2.1. Gas relative density (d) equal relative density (ρ1 and ρ2) gases (under the same pressure and temperature):
d = ρ1: ρ2 ≈ M1 :M2 (2.1)
where m1 and m2 -molecular mass of gases.
Relative density of gas:
in relation to the air: d ≈ m/29
in relation to hydrogen: d ≈ m/2
where m, 29 and 2 -the molecular mass of the gas, air and hydrogen.
2.2. Weighted number of and (in g ) gas in this volume V (in DM3):
- a = m *1.293 *g *273 * V /28.98 (273 +t) *760 = 0.01605 * r * m * V/273 + t (2.2)
where m is the molecular weight of the gas, r-gas pressure, mm Hg., t is the temperature of the gas, 0With.
The amount of gas in grams per 1 DM3 under normal conditions
a = 1,293 : d
where d is the relative density of gas in relation to air.
2.3. Volume V, occupied by the data sender number and strip:
V = a * 13.9 *760*(273 +t) /M * r (2.4)
2.5. Gas mixtures
Weight (in g) mix n shaped components, with volume V1, V2 … (V)n and molecular mass m1, M2 … Mn, equal
where 22,4 -volume 1 a mole of a substance in gaseous state at 273 To and 101,32 kPa (0° C and 760 mm.

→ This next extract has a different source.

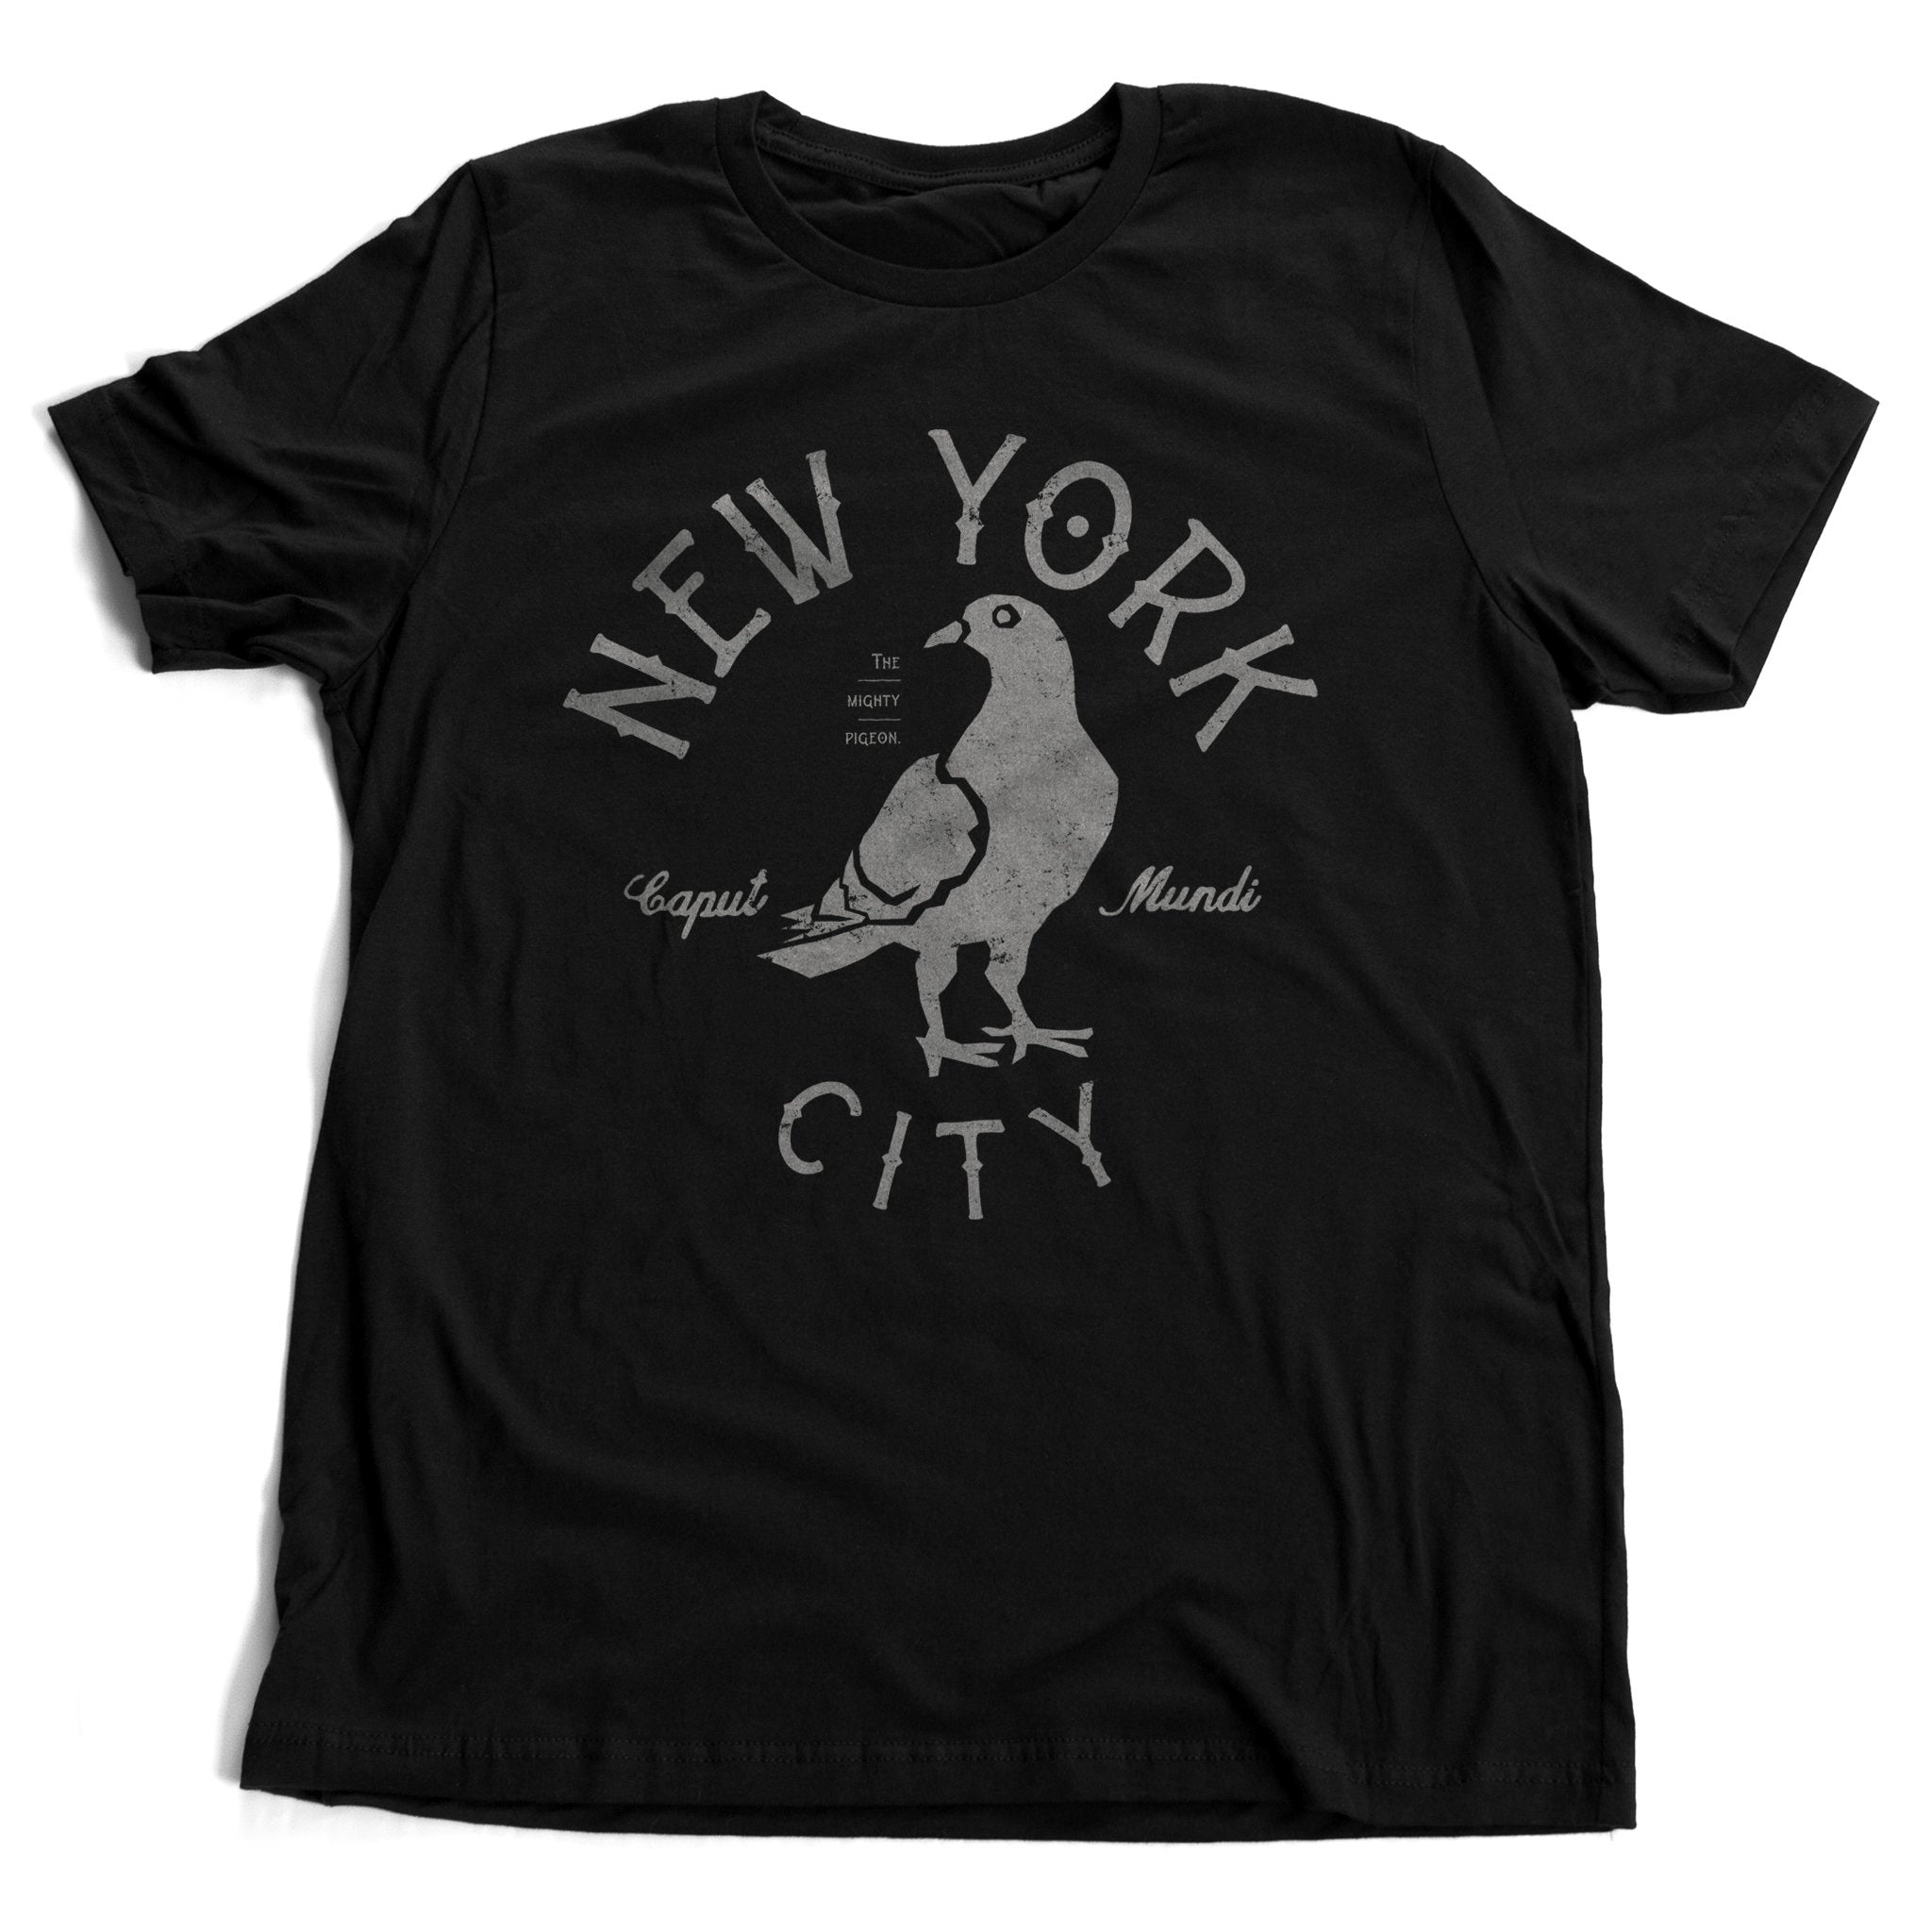 New York City (pigeon) — Retro Premium Unisex T-Shirt

RT. article)
As the volume of the mixture of V = V1 + V2 + ... + Vn, it 1 DM3 It has a lot of:
The average molecular mass m of gas mixture (When additivity properties) equal:
The concentration of the gas mixture components expressed most often in volume percentage. Concentration (V1/V·100) numerically matches with a fraction of the partial pressure of component (g1/g·100) and with its mol′noj concentration (M1/M·100).
Shares of individual components (i) in a gas mixture is equal, %
mass volumetric
where qi -mass content of component i in the mixture.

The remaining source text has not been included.